Segment Start: MATERIAL PROVIDED

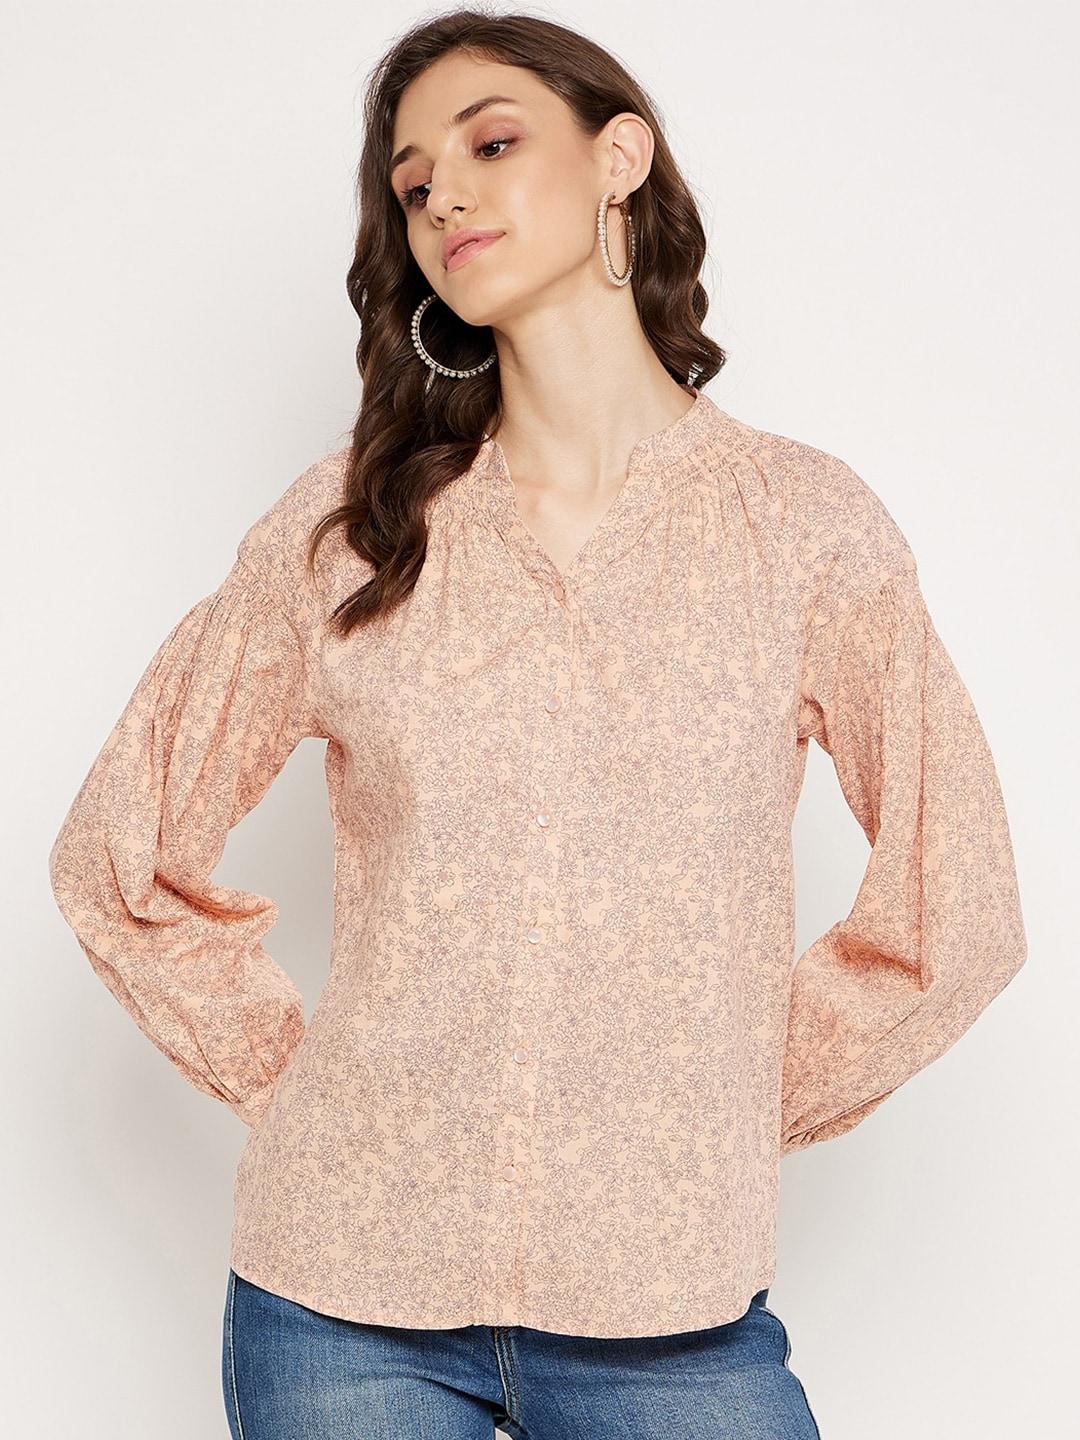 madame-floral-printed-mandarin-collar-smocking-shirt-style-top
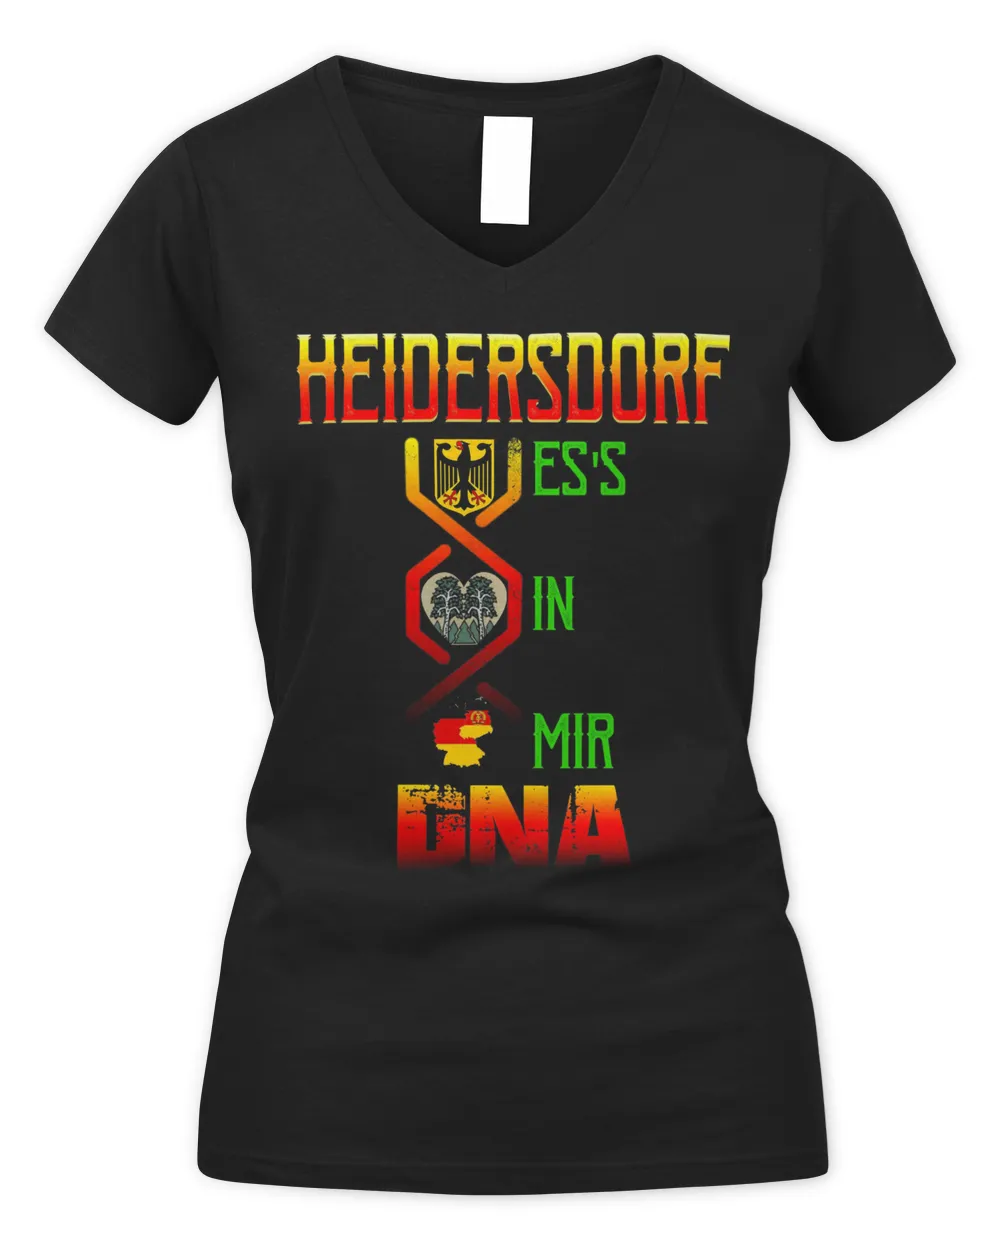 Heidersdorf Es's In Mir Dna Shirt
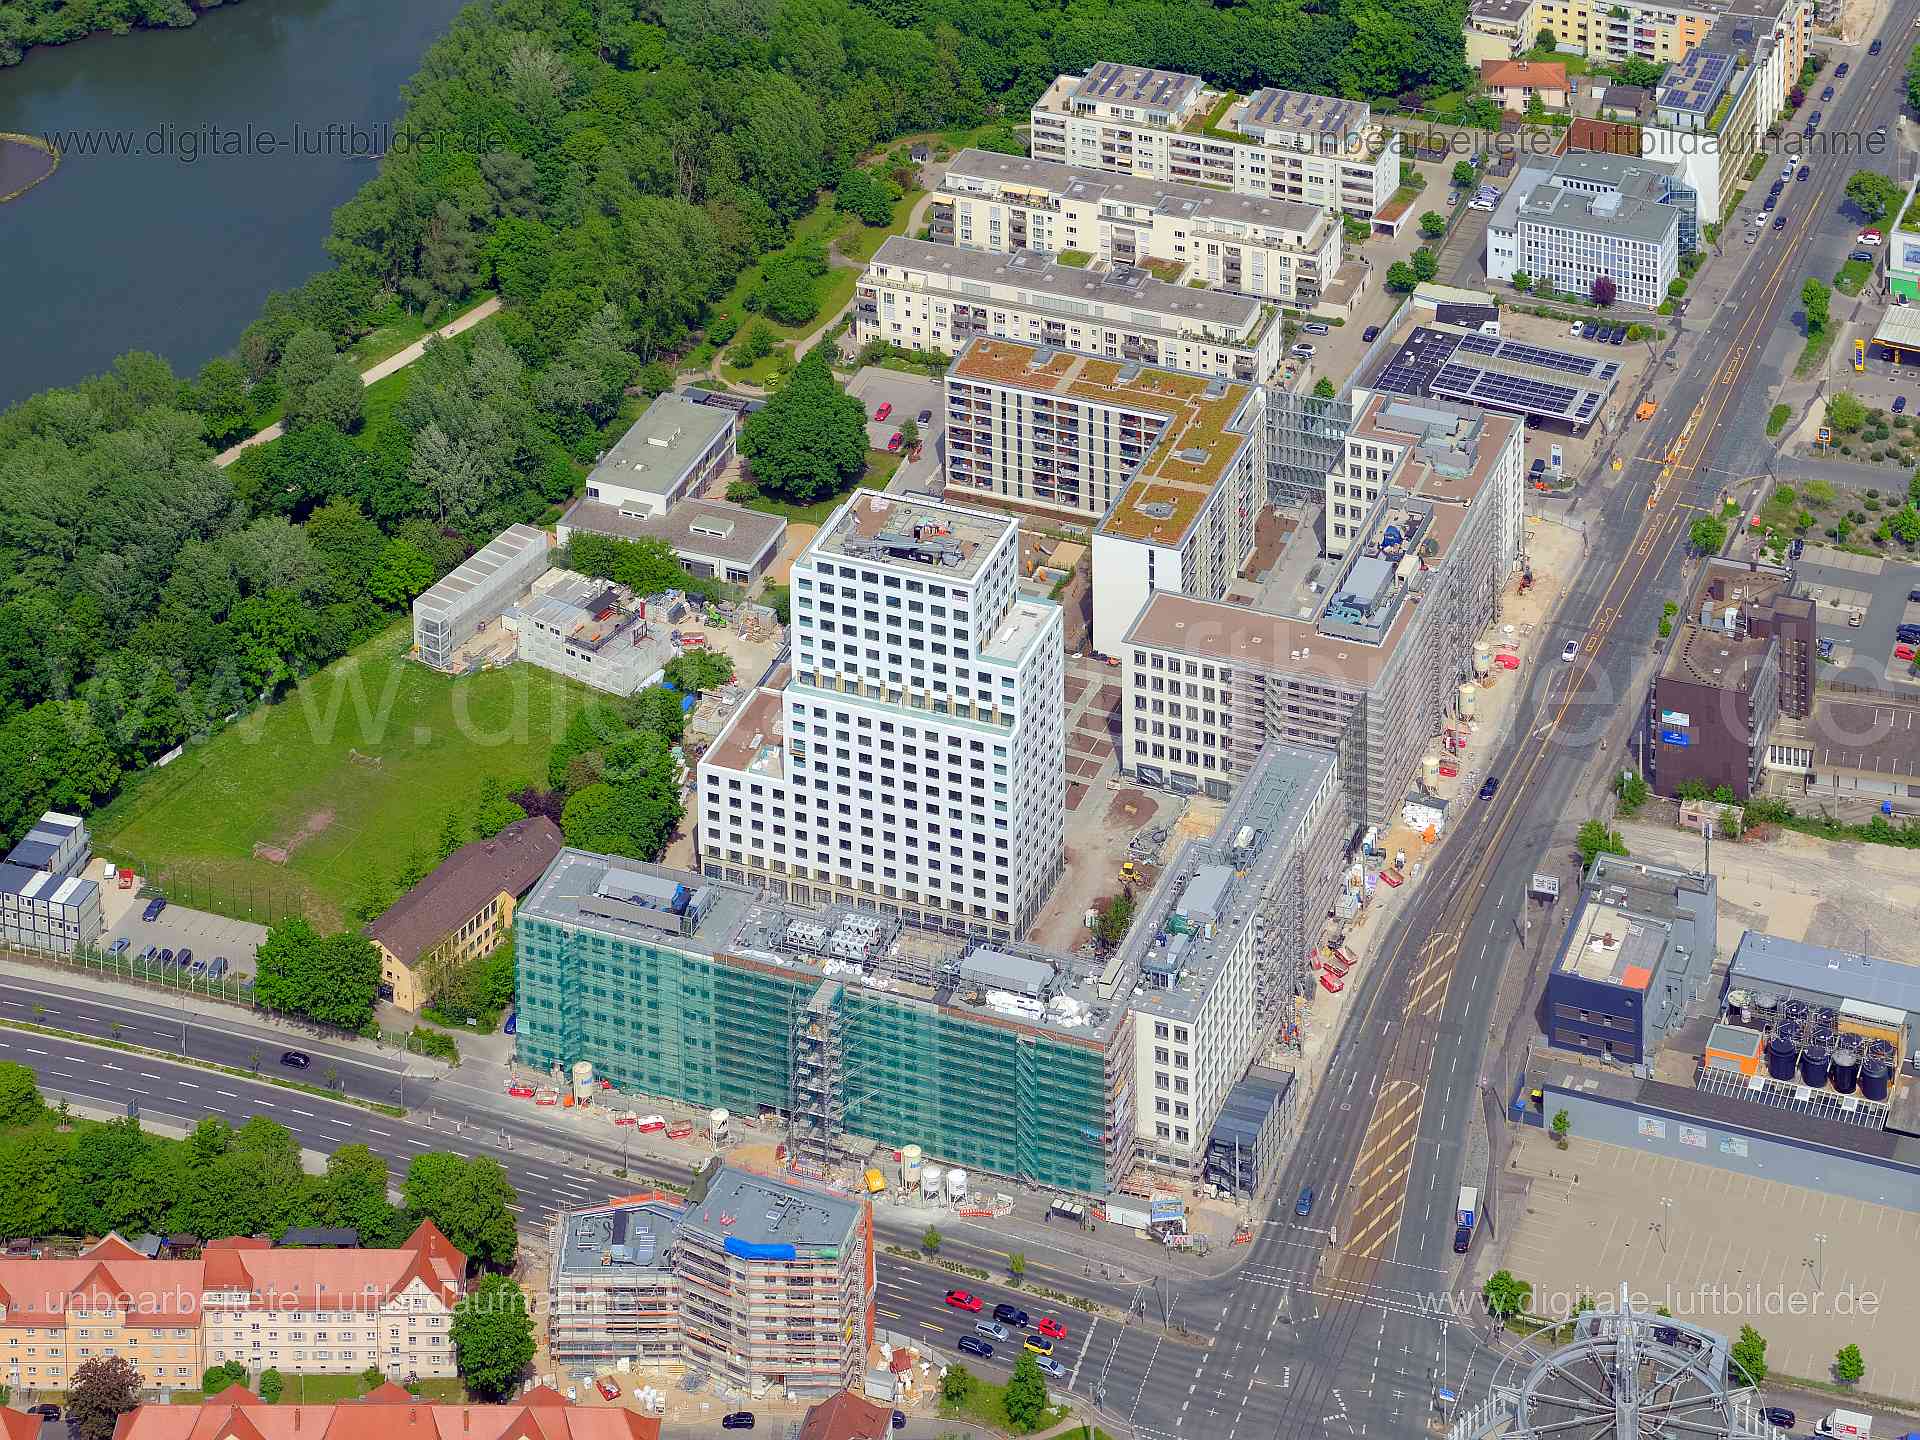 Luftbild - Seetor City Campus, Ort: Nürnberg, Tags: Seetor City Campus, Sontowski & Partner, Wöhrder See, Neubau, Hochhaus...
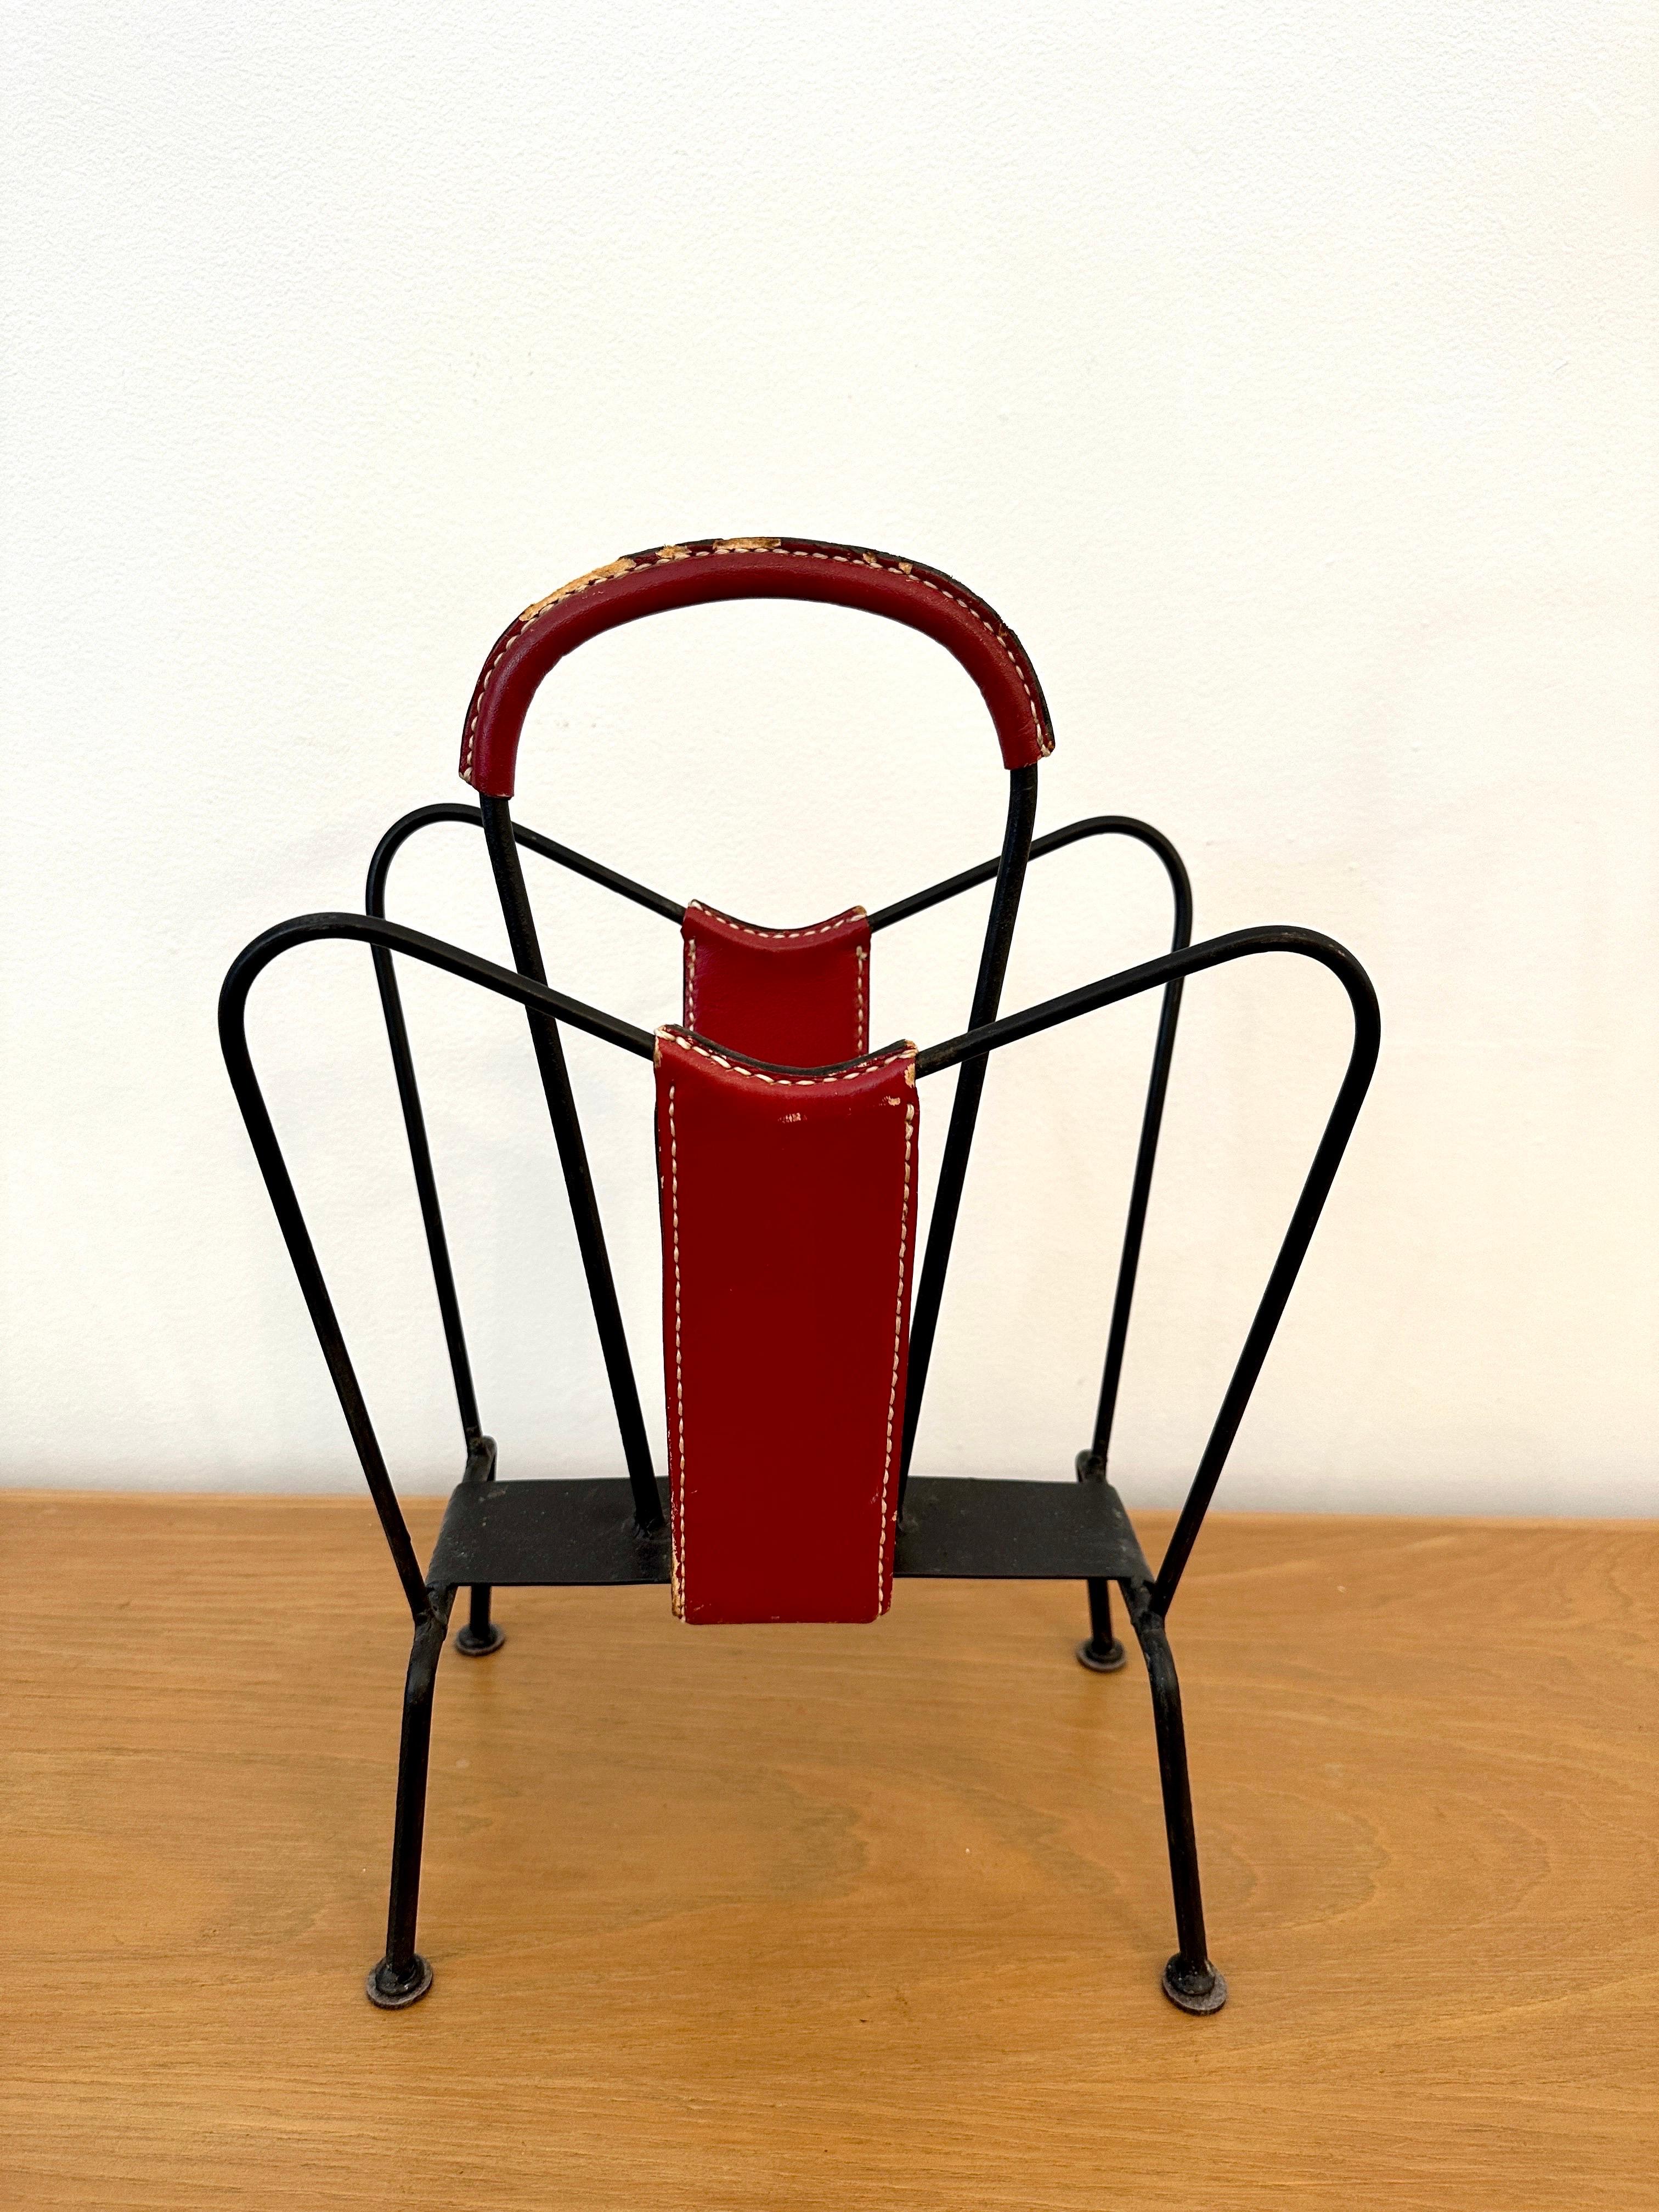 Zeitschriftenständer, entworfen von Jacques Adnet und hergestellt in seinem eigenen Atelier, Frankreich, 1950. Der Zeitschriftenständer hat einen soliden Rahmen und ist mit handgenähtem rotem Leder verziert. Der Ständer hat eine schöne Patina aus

Segment End: MATERIAL PROVIDED

* **WORK ITEM**:
An exact reproduction of the lines from the line containing "Heidersdorf Es's In Mir Dna Shirt" through the end of the listing above is needed; pictures stay out.

* **RESULT FOR THIS EXERCISE**:
 Heidersdorf Es's In Mir Dna Shirt
 Luftbild - Seetor City Campus, Ort: Nürnberg, Tags: Seetor City Campus, Sontowski & Partner, Wöhrder See, Neubau, Hochhaus...
 Zeitschriftenständer, entworfen von Jacques Adnet und hergestellt in seinem eigenen Atelier, Frankreich, 1950. Der Zeitschriftenständer hat einen soliden Rahmen und ist mit handgenähtem rotem Leder verziert. Der Ständer hat eine schöne Patina aus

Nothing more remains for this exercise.